In September 2016, at the 2016 Swimming World Cup stop in Moscow, Godun started competition on the first of two days with the prelims heats of the 100 metre breaststroke, where she placed 11th overall with a time of 1:11.05. Later the same morning, she placed 11th in the 50 metre backstroke with a time of 28.99 seconds in the prelims heats. In the evening, Godun swam the butterfly leg of the 4×50 metre medley relay to help achieve a fifth-place finish in 1:45.77, splitting a 27.62. The following day, she swam a 32.27 in the prelims heats of the 50 metre breaststroke to place 11th overall.

===2019===
For the 2019 World University Games in Naples, Italy at Piscina Felice Scandone in July, Godun placed 13th in the 100 metre breaststroke with a time of 1:08.90 in the semifinals. She also placed tenth with a time of 31.60 seconds in the semifinals of the 50 metre breaststroke.

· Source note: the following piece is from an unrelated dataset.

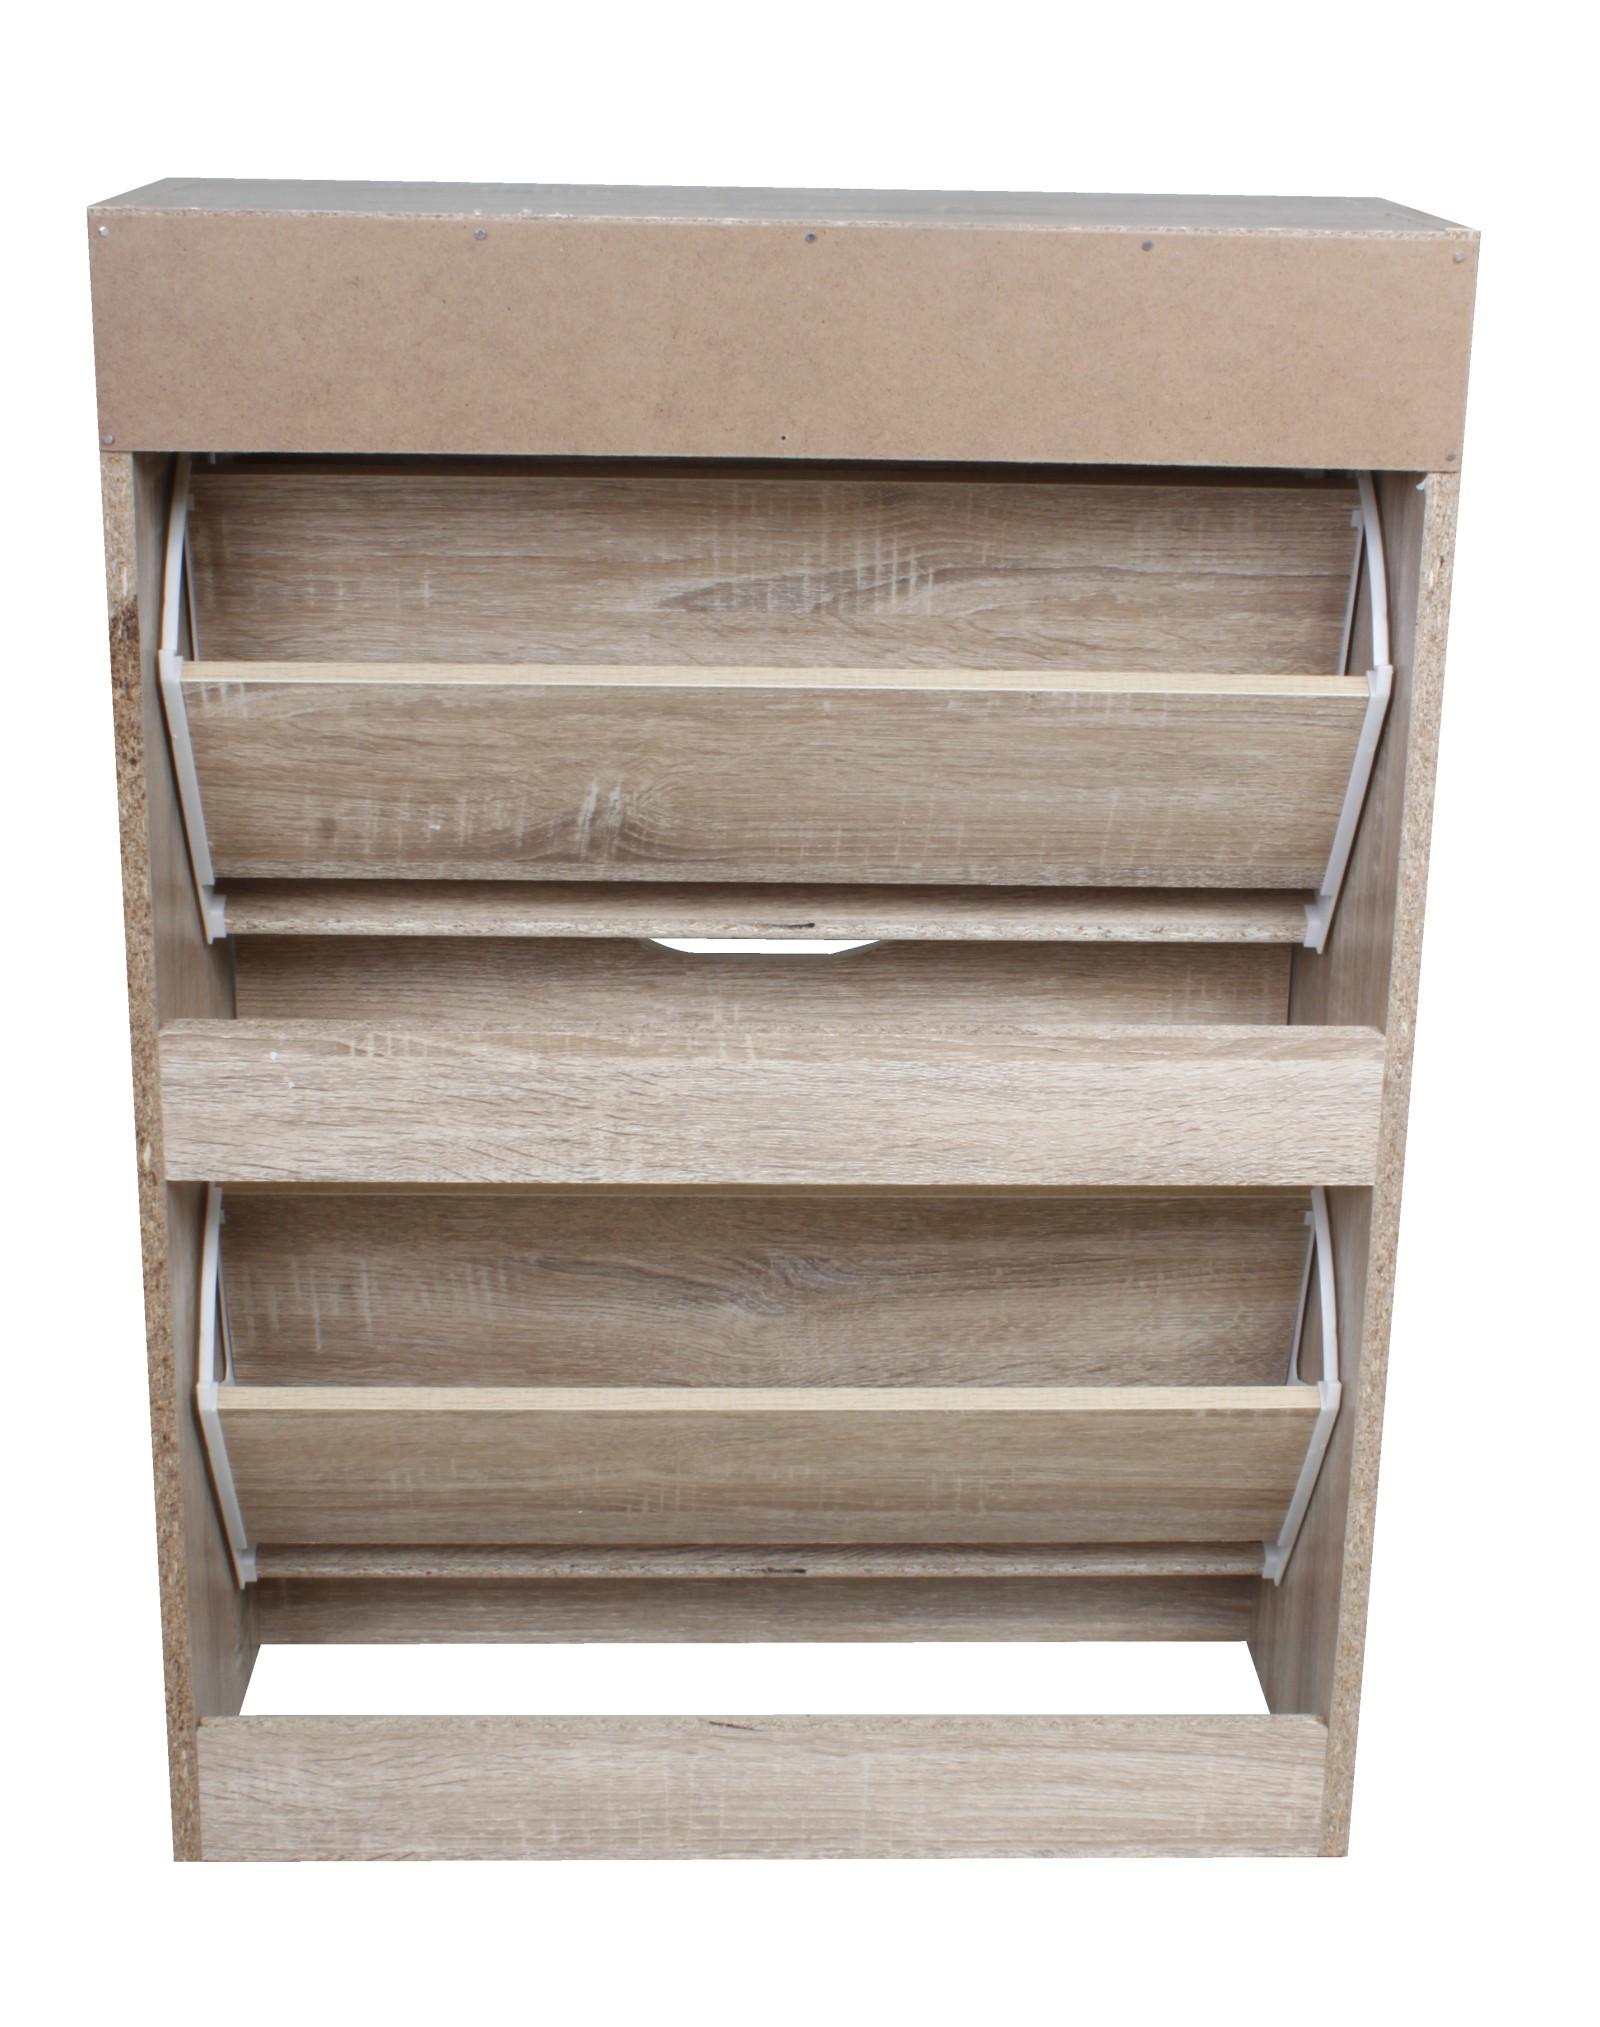 Beco mueble para calzado armario de zapatos entarimados for Mueble zapatero ebay

====2019 European Short Course Championships====

On the first day of competition at the 2019 European Short Course Swimming Championships in Glasgow, Scotland in December 2019, Godun tied Mona McSharry of Ireland for ninth rank in the prelims heats of the 50 metre breaststroke with a time of 30.51 seconds. For the semifinals in the afternoon of the same day, Godun swam a 30.57 and tied Tatiana Chișca of Moldova for 12th-place overall. Day three of competition, Godun ranked fourth in the prelims heats of the 100 metre breaststroke with a 1:05.41 and qualified for the semifinals later in the day. In the semifinals, she qualified for the final with a time of 1:05.20 that ranked her fifth overall in the semifinals. The following day, Godun placed seventh in the final of the 100 metre breaststroke with a time of 1:05.40. On the fifth and final day of competition, Godun helped advance the 4×50 metre medley relay to the final ranking first in the prelims heats with a 1:45.81, splitting a 30.26 for the breaststroke leg of the relay. In the evening final, she split a 30.11 for the breaststroke leg and contributed to the final relay time of 1:44.96 to win the bronze medal and set a new Russian record in the event.

===2021===
====2021 Swimming World Cup====
At the second stop of the 2021 Swimming World Cup, held at Danube Arena in Budapest, Hungary in October, Godun won a bronze medal in the 100 metre individual medley with a personal best time of 59.71 seconds on the first day of competition, which was less than one-tenth of a second slower than silver medalist Michelle Coleman of Sweden. The second day of competition, Godun won the gold medal in the 100 metre breaststroke with a 1:04.71 and finished over six-tenths of a second ahead of the silver medalist in the event, Lydia Jacoby of the United States. On the third and final day of competition at the Budapest stop, she won the gold medal in the 50 metre breaststroke in 29.81 seconds, this time finishing 0.16 seconds ahead of second-place finisher Lydia Jacoby. Godun returned to the World Cup circuit at the fourth and final stop, held at the Palace of Water Sports in Kazan, where she competed in the 50 metre breaststroke and won the gold medal with a time of 29.64 seconds to finish 0.01 seconds ahead of the silver medalist and fellow Russian Yuliya Yefimova.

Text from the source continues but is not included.